И опять помолчали. У Нила Вахромеевича тяжелые

веки опустились на глаза. Но вот что-то произошло в его лице, веки затрепетали и поднялись.

— Так,— начал он,— значит, Голикова дочки скушали. Ну что ж... Отцовый рубль круглый, катится бойко. Говоришь, товар меховой есть,— прищурился глазом на Григория Ивановича,— как продать, спрашиваешь? — Усмехнулся.— У нас на Москве бают: купить — что вошь убить; продать — что блоху поймать. А? Остер московский язык? — Поискал, не глядя, рукой по столу, но калач был съеден, и рука, ничего не найдя, остановилась. Нил Вахромеевич решительно сказал: — Малую лепту для торжества русского купечества на морях внести хочу, и товар у тебя возьму по хорошей цене. Пускай лежит, мне неторопко надо. Цену дождусь. Ан помни на дальних дорогах московскую поговорочку, что я скажу.— Поднял толстенный, что у иного рука, палец, помотал им перед Шелиховым.— Купец что стрелец: попал, так с полем, а не попал, так заряд пропал! И бей в цель! — Крякнул, словно квасу выпил ядреного.

Шелихов сделке был рад. Евстрат Иванович ничего не сказал, но подумал: «Плохи дела новоземельские. Ну а ежели бы отказал Нил?» И запнулся о незаметный камушек.

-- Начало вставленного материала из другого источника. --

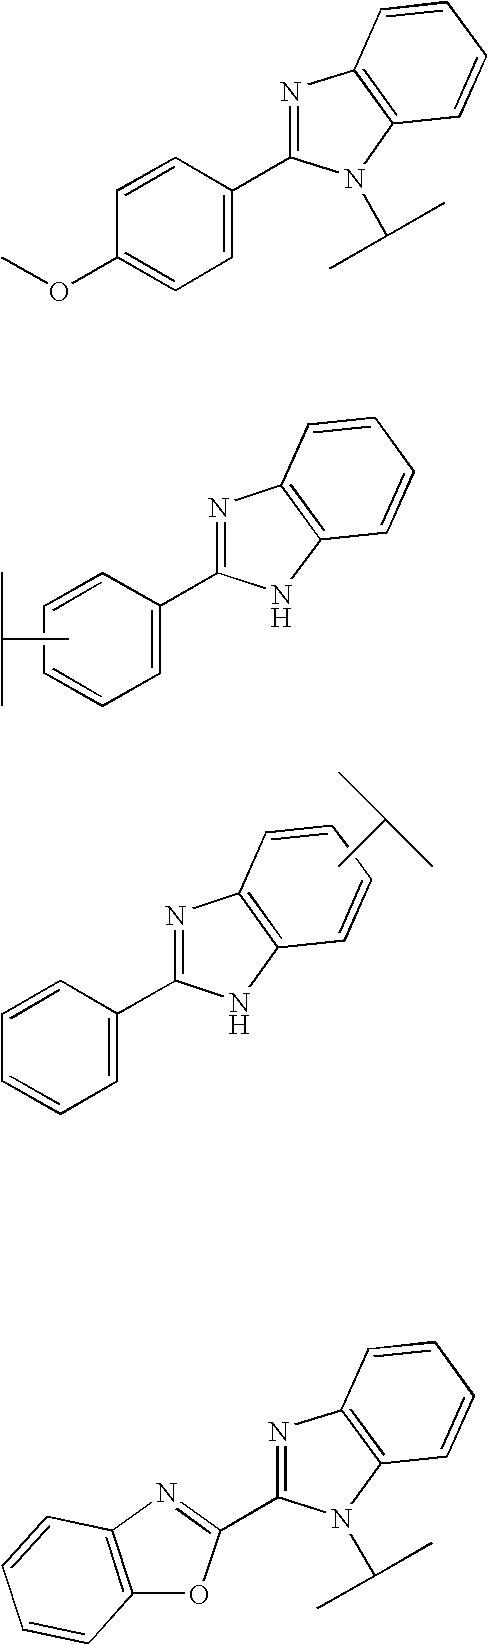 Figure US20080081025A1-20080403-C00011

На деньги Нила Вахромеевича Шелихов снарядил для новых земель три галиота.

* * *

Баранов за минувший год многое успел. Оставив Павловскую крепость на Кильсея, с отрядом русских и коняг высадился на матерую американскую землю и, хотя не без приключений, дошел до мыса Святого Ильи. Участвовал в бою с воинственным племенем калошей, копьем ему пробили рубаху. Дыра была — кулак пролезет. Чуть-чуть — и до живого бы достали. Когда бой закончился, Баранов посмотрел на дыру и головой покачал: «Да, рядом безносая была».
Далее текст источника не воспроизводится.